Independent practice associations or regional physician organizations have worked with actuaries to offer help with new payment models to members in small practices.
Physicians who are considering taking on a relatively small amount of risk, and who have an idea of how widely patient outcomes could vary, may not need to hire an actuary, experts say.
What an actuary can deliver
An actuary’s work for physicians can include any kind of contract evaluation, but it goes beyond giving a contract a thumbs-up or thumbs-down.
Working with an actuary does not mean that a physician also must be an expert in statistics or that the practice must have precise and detailed historic patient data for an actuary to help.
“The good thing about actuaries is that they’re used to imperfect data,” Thompson said.
It’s not unusual for a medical group or hospital not to be sure which patients are enrolled in certain health plans or not to have data about the patients whose care will be paid for under the new capitated contract.
An actuary can identify which patients should be enrolled in a managed care program and stratify the practice’s patients into groups that carry different levels of risk, said Art Wilmes, an Indianapolis-based principal and consulting actuary for consulting firm Milliman. The actuary can gauge the potential variation in clinical outcomes and the likelihood that a pool of patients will need more care than anticipated by the contract terms.

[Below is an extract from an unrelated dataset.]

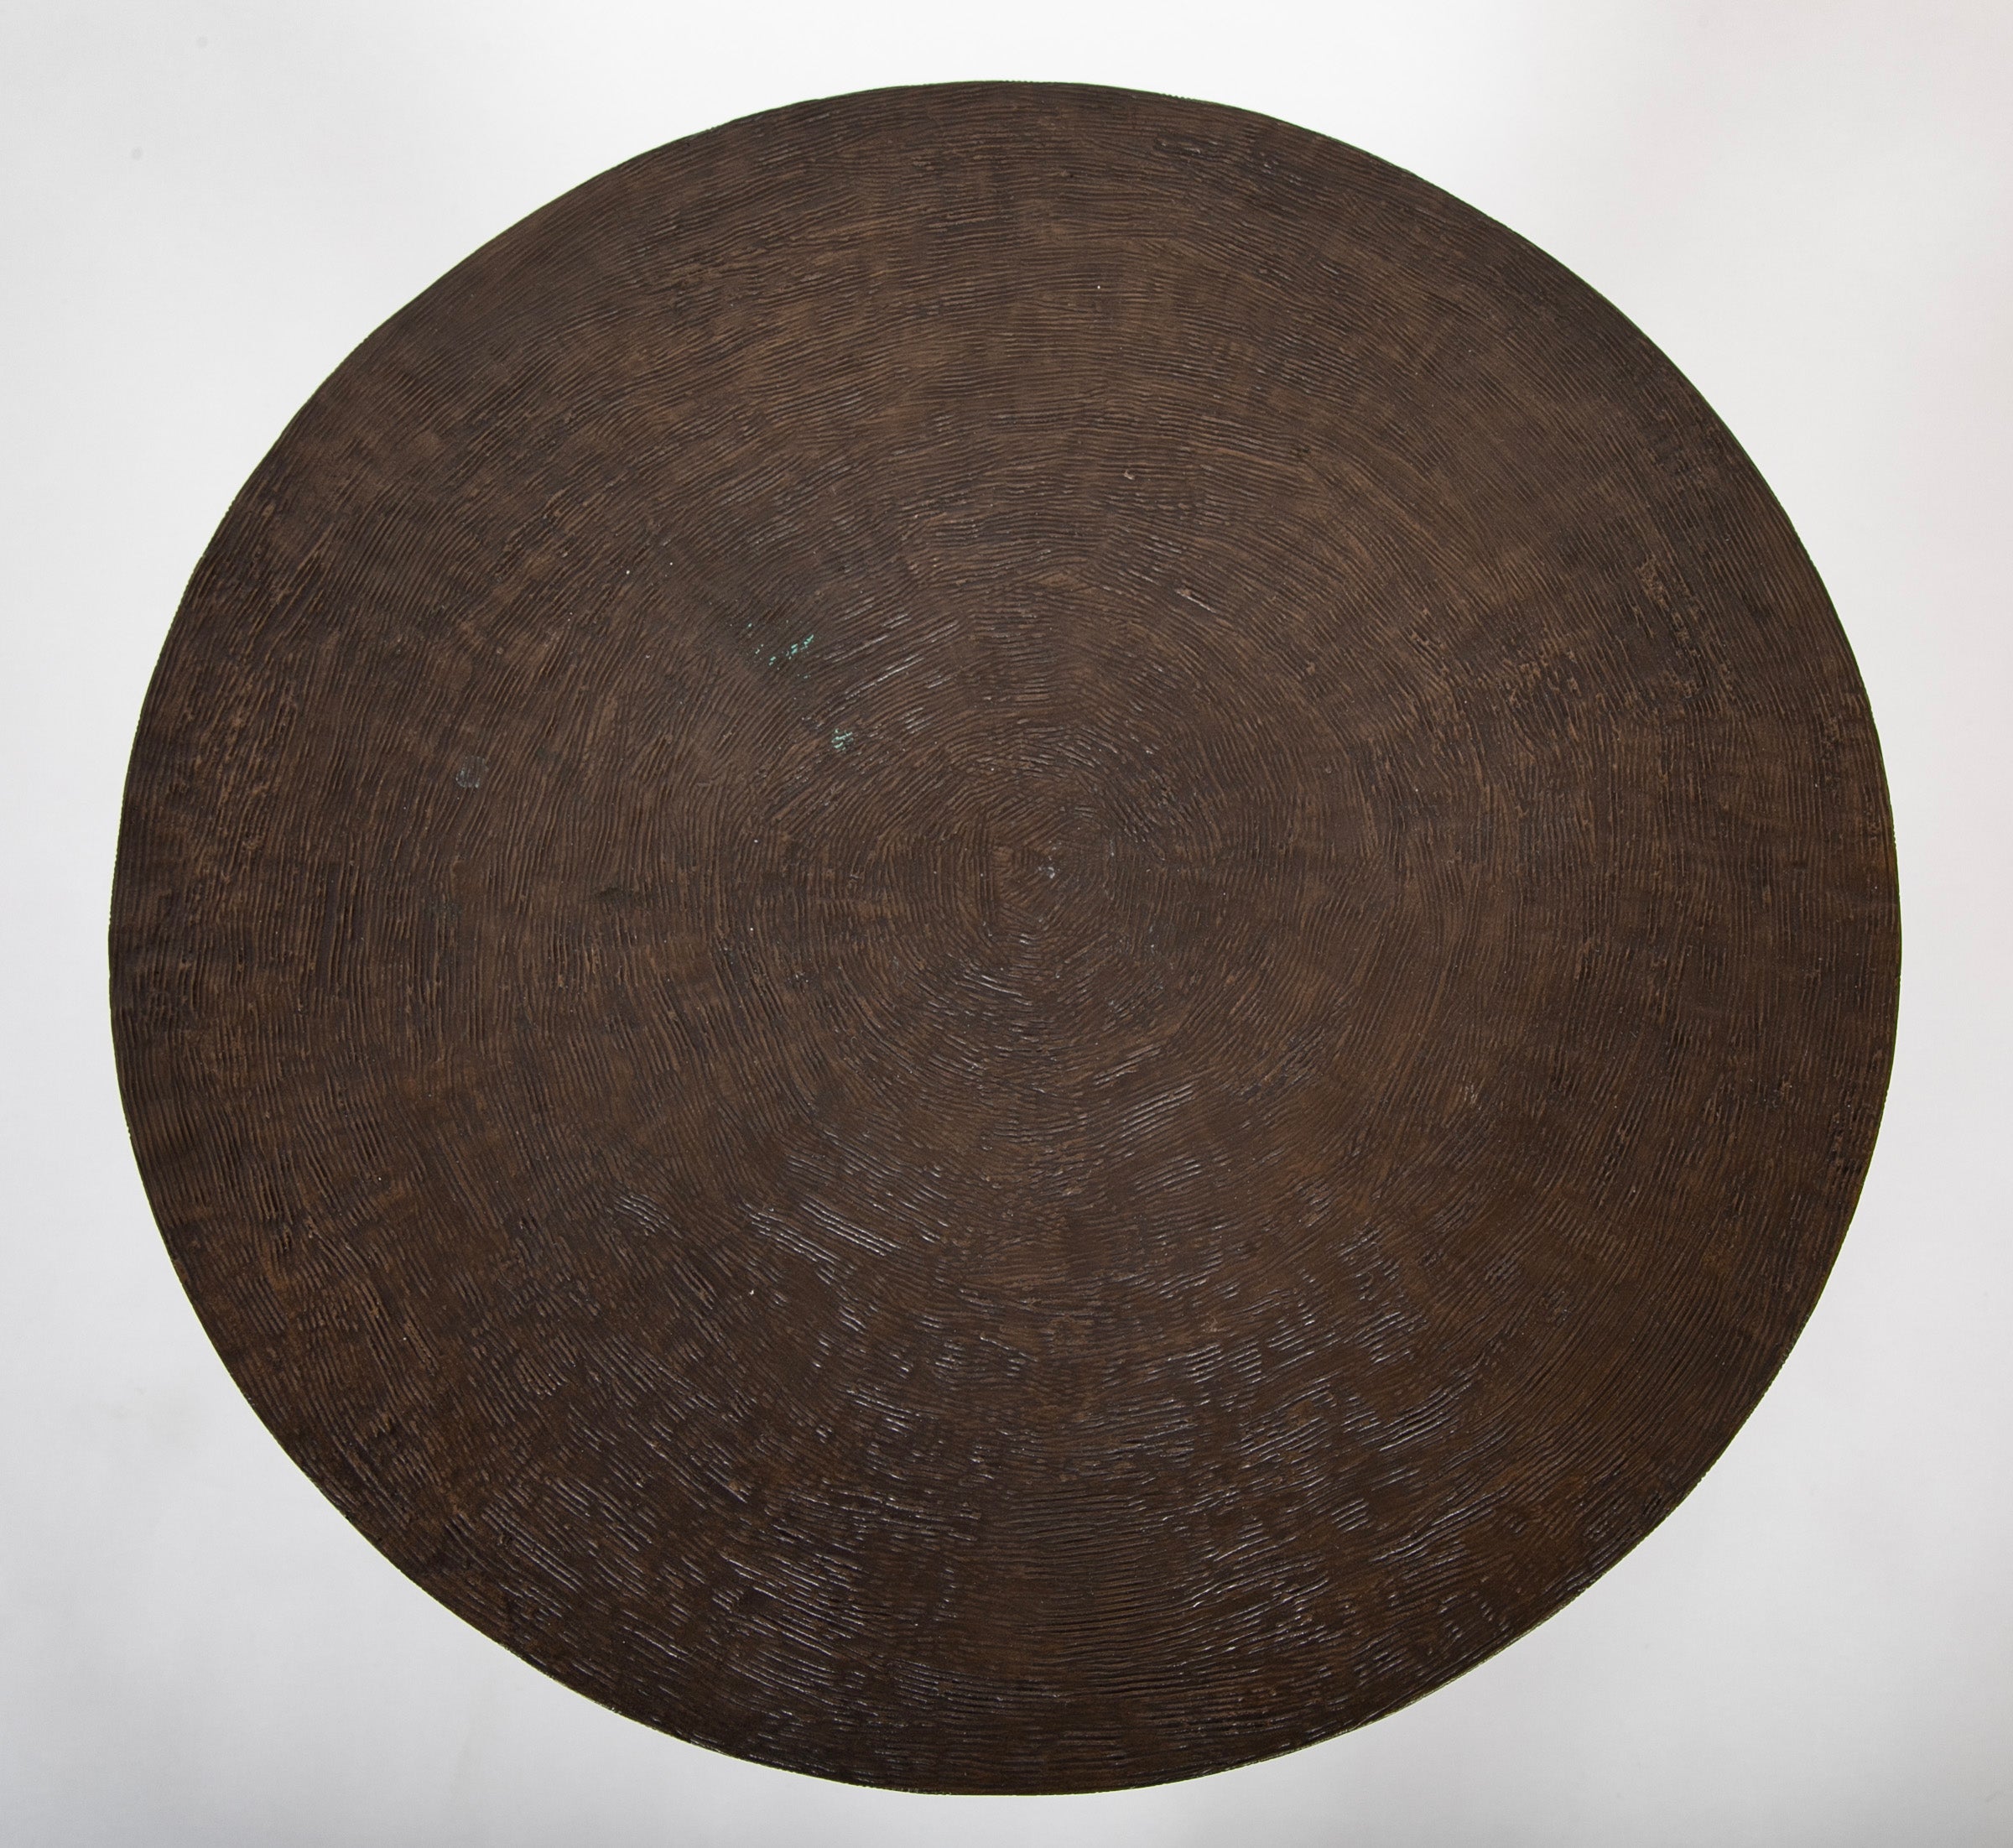 Bronze Pedestal Table by Tom Corbin Alexandria II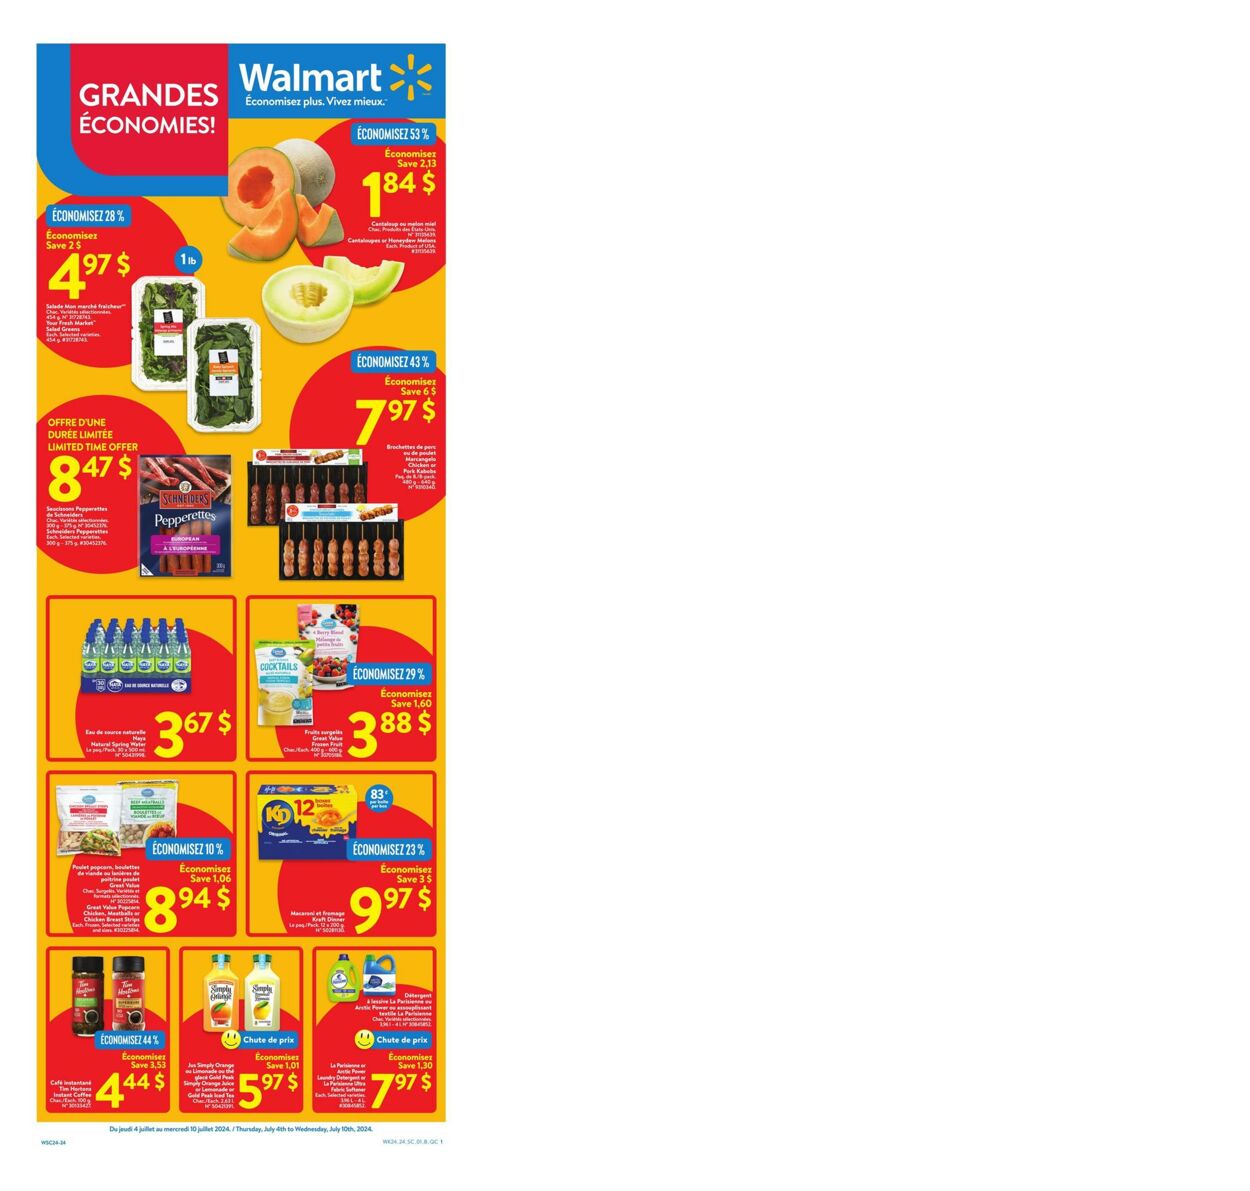 Walmart Promotional flyers

The actuary’s analysis can help identify which patients’ care and what type of management — for example, congestive heart failure patients versus those with chronic obstructive pulmonary disease — carry the most potential savings and clinical improvement. That way, the practice can decide where best to focus time and effort.
“The key is when you want to optimize your management of a patient, you need to understand whether they will respond to [health] management activities,” Wilmes said. “Those are, in my mind, the tools that health systems and physicians will need.”